If you're a senior executive wth a bank, this article is pretty important to you. I've been making commercial real estate loans for 33 years now, and I have a surprising observation:
Commercial bankers often get slaughtered in commercial lending because they are so timid. By the time most commercial bankers work up the courage to enter a lending market, all of the really safe, high-yielding loans are already gone - leaving only the risky deals and the bank's eventual ruin and destruction.
Let's start in residential lending first, even though this article mainly has to do with commercial mortgage lending. When Nixon took the U.S. off the gold standard in 1971, he opened the floodgates of inflation. Homes that the Greatest Generation bought for $15,000 in the 1960's began to appreciate to $40,000 or more.
Smart, entrepreneurial private lenders in California started to make 10% second mortgages (at a time when second mortgages were rare and were considered ridiculously speculative). These early entrants made a killing.
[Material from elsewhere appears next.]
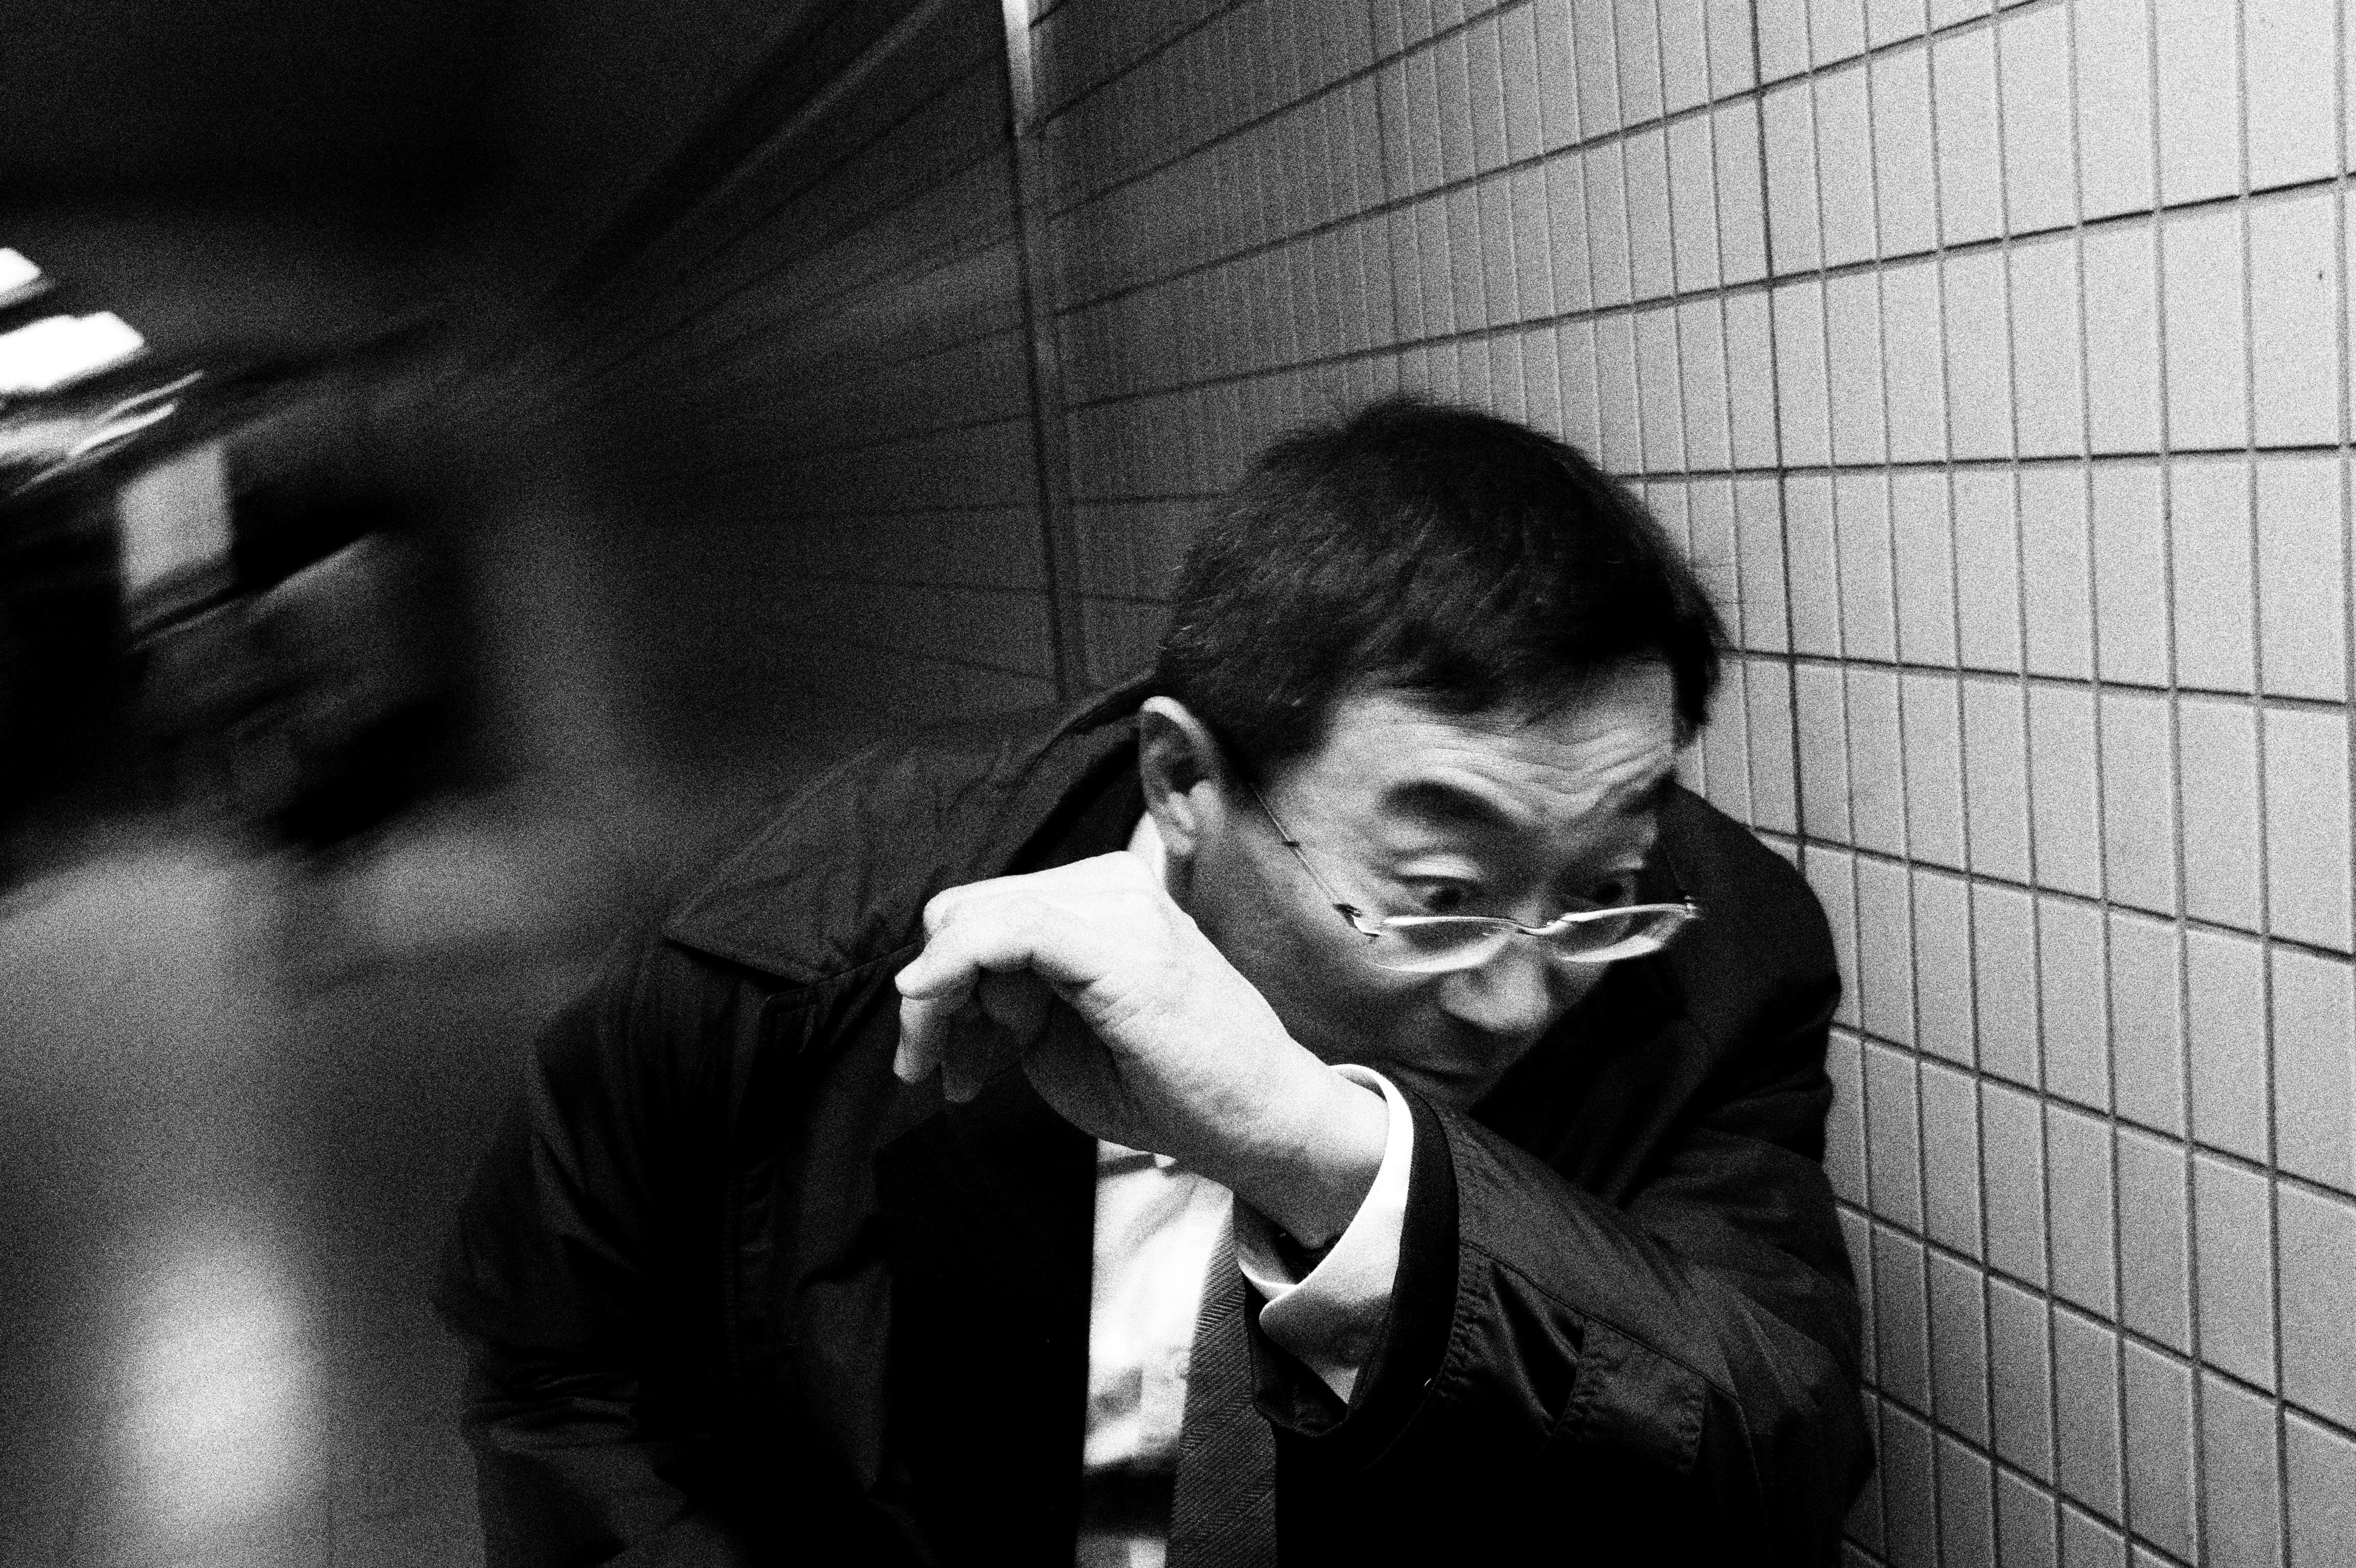 Man dodging. Tokyo, 2011.

By the time commercial bankers finally started making residential second mortgages in earnest, many of the safest deals were gone. Commercial bankers were left in a bidding war a decade later over the tiny handful of borrowers who had not already tapped the equity in their homes. By then, real estate appreciation had greatly slowed. Then, in 1986, a major tax overhaul sent real estate into a seven year tailspin. California commercial bankers, for example, got slaughtered in residential second mortgages when California real estate tumbled by 40% in 1990 and 1991.
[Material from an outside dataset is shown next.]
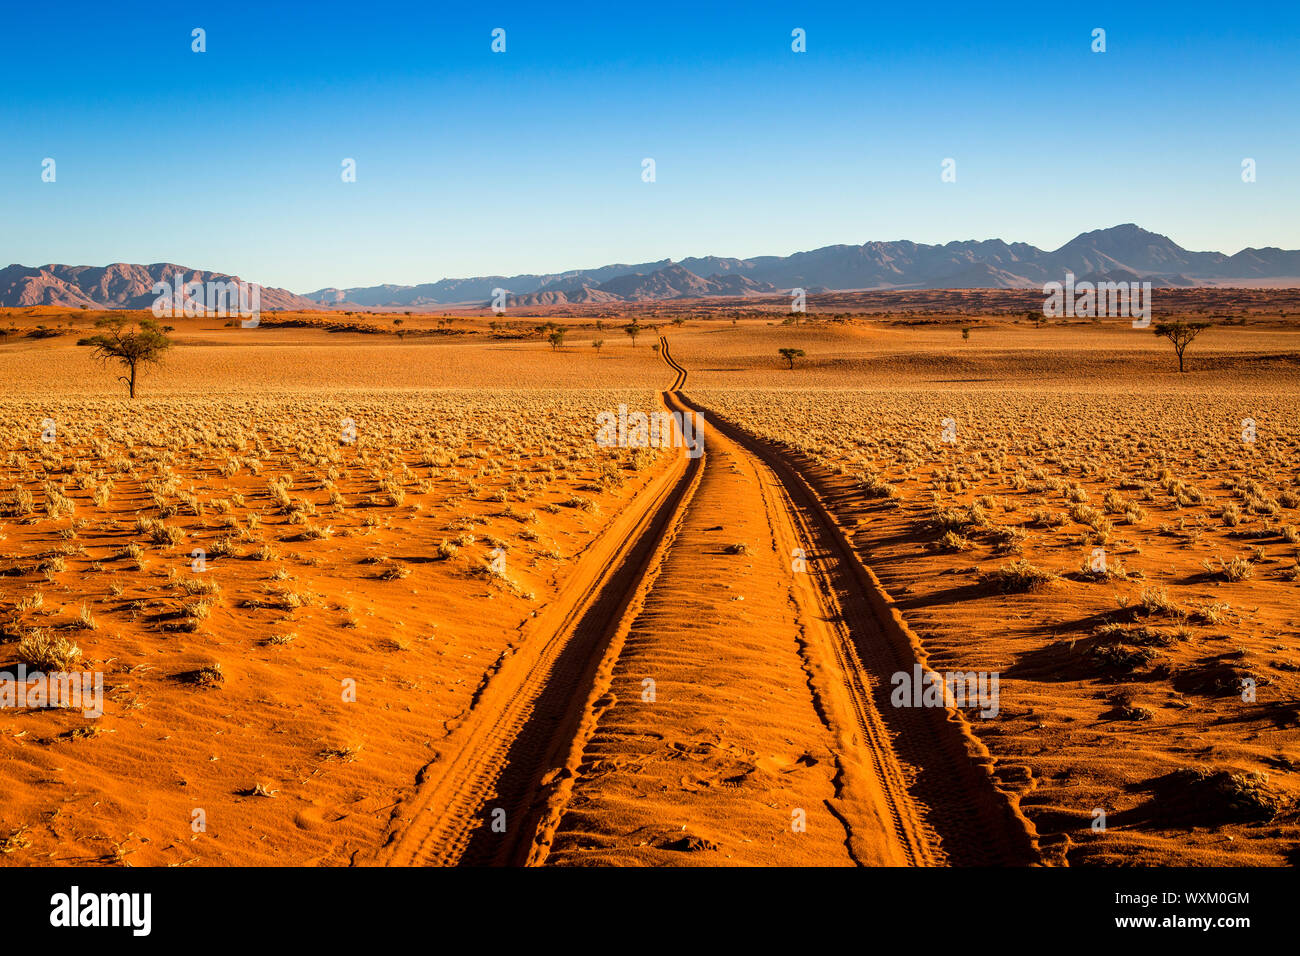 Sandtrack in Namibia deserto Foto Stock

Now let's scroll forward to 1986, the year when Regulation Q was repealed. Regulation Q was a law that limited the interest rate that banks and thrifts (savings and loan associations) could pay on deposits. Suddenly commercial bankers could pay whatever they wanted to attract deposits. It was an era when many wealthy developers bought savings and loans associations (S&L's).
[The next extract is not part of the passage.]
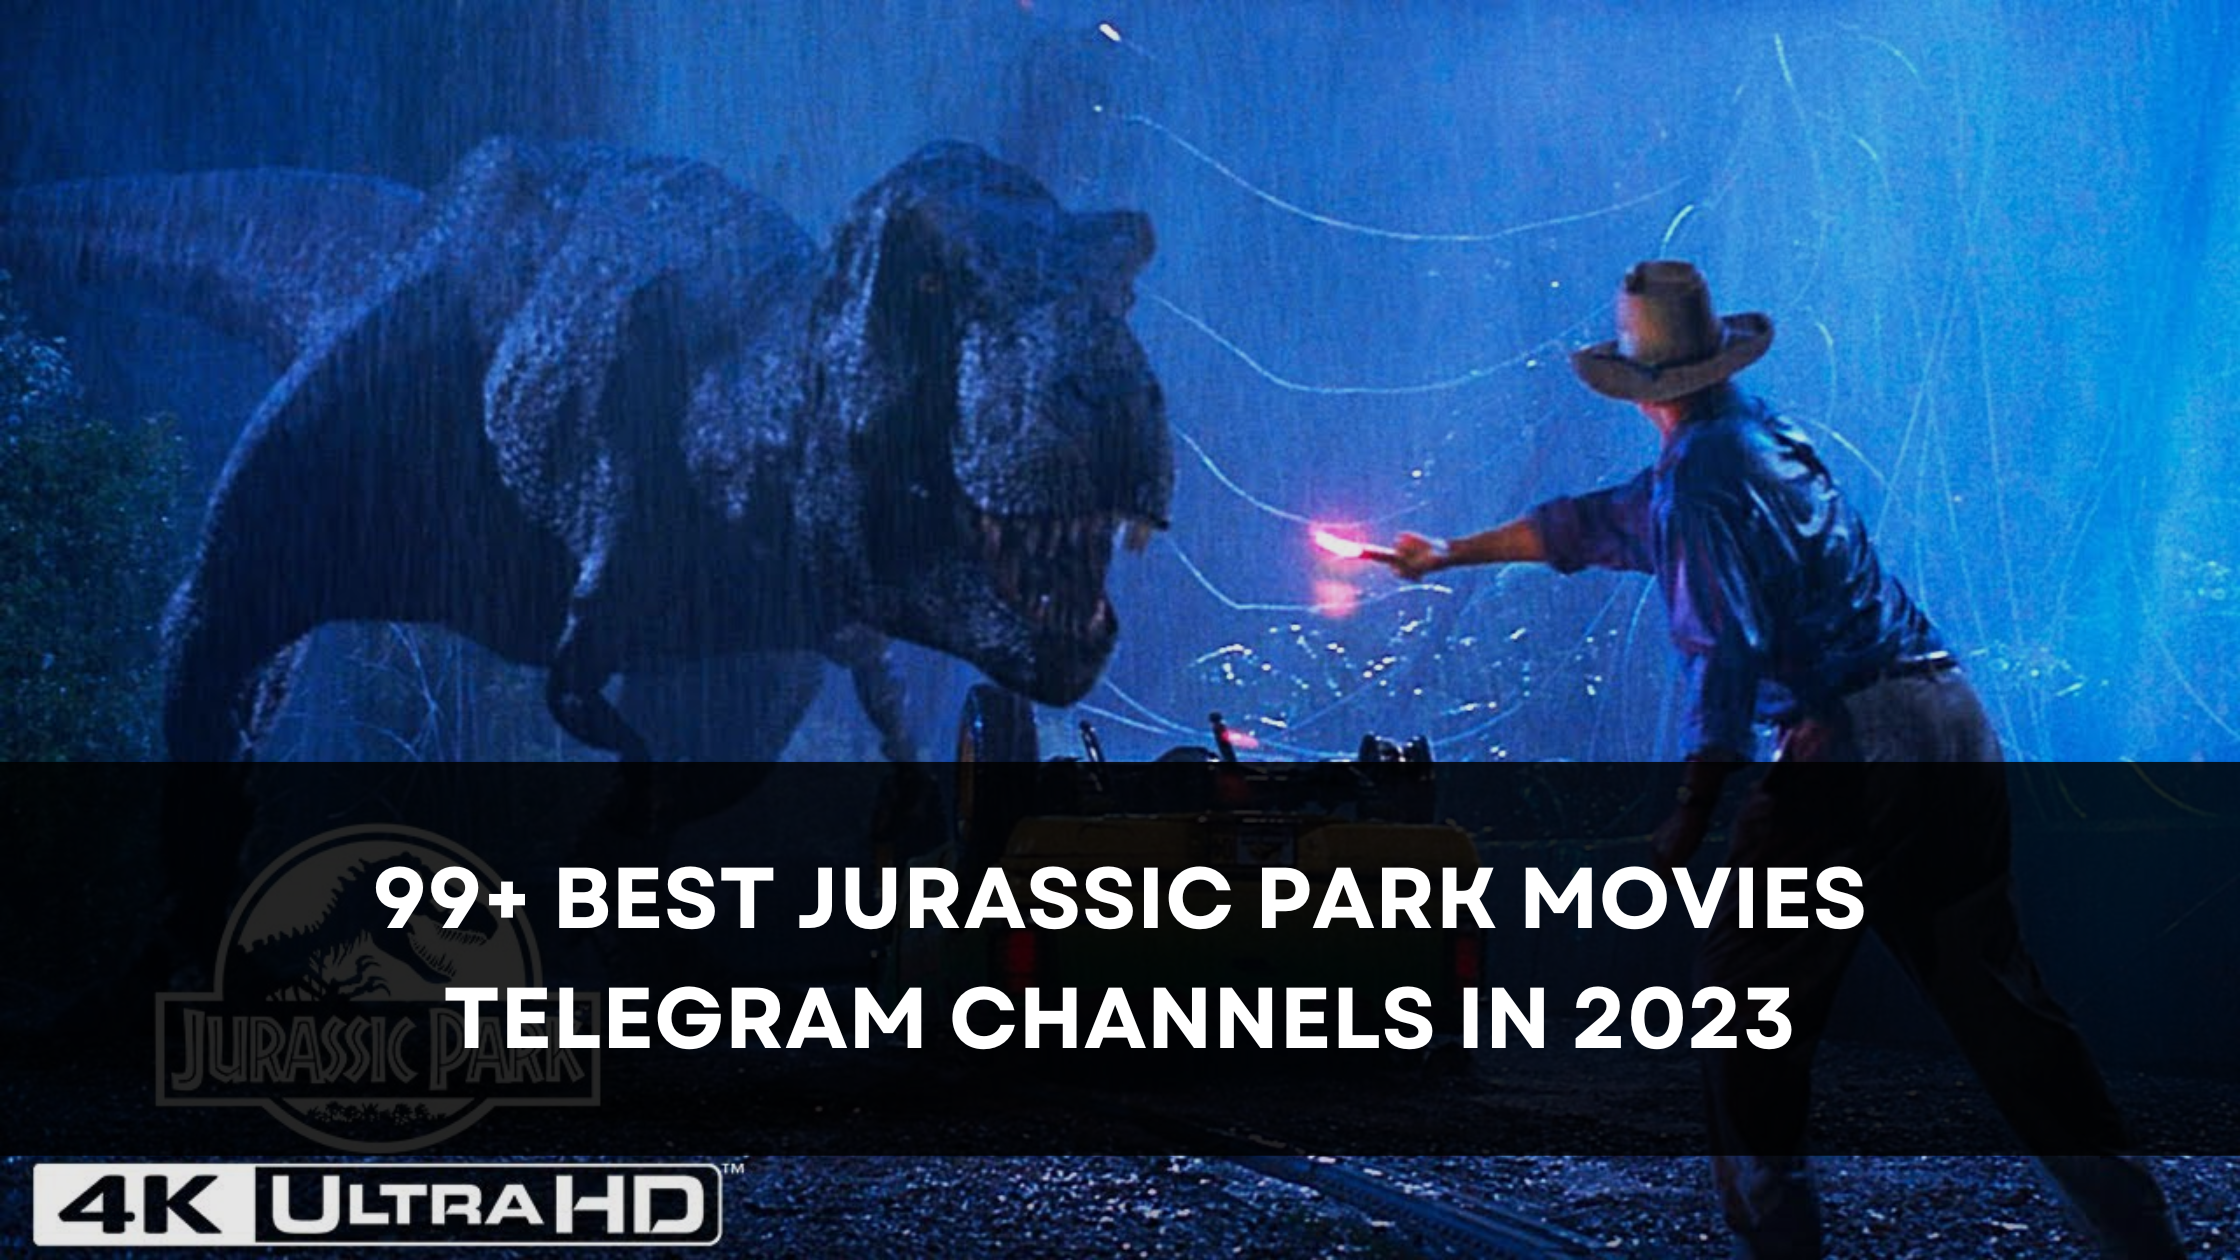 99+ Best Jurassic Park Movies Telegram Channels in 2023

At first these clever developer-banker-entrepreneuers make a killing investing in syndicates to make large commercial loans. After all, they could charge almost any interest rate they wanted. Who else - other than a syndicate of S&L's - could fund a $40 million construction loan? And these early entrants made a killing.
But then mainstream commercial bankers (more precisely S&L executives) got in the act. They too started investing in syndicates to make huge commercial construction loans. Eventually the world was full of vacant, glass-and-brass office towers (called "see-through buildings"), and the S&L Crisis was upon us. Hundreds of S&L's were eventually closed.
Scroll forward to the late 1990's. Congress has created the tax entity, the REMIC, the Real Estate Mortgage Investment Conduit. Early conduit lenders made an absolute killing. They made a bunch of superb quality, low-LTV commercial mortgages. They pooled these super-safe commercial loans and then sold them off to Wall Street investment bankers at immense profits. The bonds backed by these older, high-rate, low-LTV commercial loans surprisingly held their value, even during the bottom of the Great Recession.
But then dozens of large commercial banks got in the conduit loan business. Competition got so fierce that interest rates plunged, loan-to-value ratios skyrocketed, and when the Great Recession hit, those commercial bankers stuck with commercial mortgage conduit loans in their portfolios got slaughtered.
Helloooo? Anyone spot a trend here? Most commercial bankers are so timid that by the time they enter a lending field, all of the really safe, profitable loans are gone! Almost inevitably these late-comers get slaughtered.
Right now the commercial real estate lending market is ripe to be picked. A commercial bank could come into the market, make some super-safe and dreamy commercial loans, and charge an interest rate that is 1.5% higher than the market, say, 6%. The smart bank would also insert a large prepayment penalty or a lockout clause. (If your bank wants to see many such super-safe, dreamy commercial loans, be sure to join C-Loans!)
In a year or two, however, most commercial banks will come herding back into the commercial lending market. The really cherry deals will already be gone, and the herd will get into a price war over average-quality and below-average-quality commercial loans. I wouldn't fall off my chair in surprise if the herd ended up bidding interest rates on commercial loans back down to just 3.875% (when they could be getting away with 6% today).
I don't know why I am wasting my time today. Commercial bankers will probably always be timid and foolish. They equate "herd movement" with prudence and safety. They couldn't be more wrong. (Sons, always remember the slow reaction speed of commercial bankers. When commercial bankers finally adopt a lending product, its time to get Blackburne & Sons out of that market.)
Here is the lesson from this article: There has been no commercial construction since 2008. The economy is recovering. Many commercial buildings were so neglected during the Great Recession that they need to be bulldozed. The prognosis for commercial real estate values is superb. Just look at what has already happened to residential real estate.
Will commercial bankers have the wisdom to be early entrants back into the commercial mortgage market? Will they have the wisdom to make 6% loans (with a lock-out clause) in a 4.5% commercial mortgage loan market? I seriously doubt it. Most commercial bankers will be too timid about commercial lending to re-enter the market before the best part of the recovery has long passed.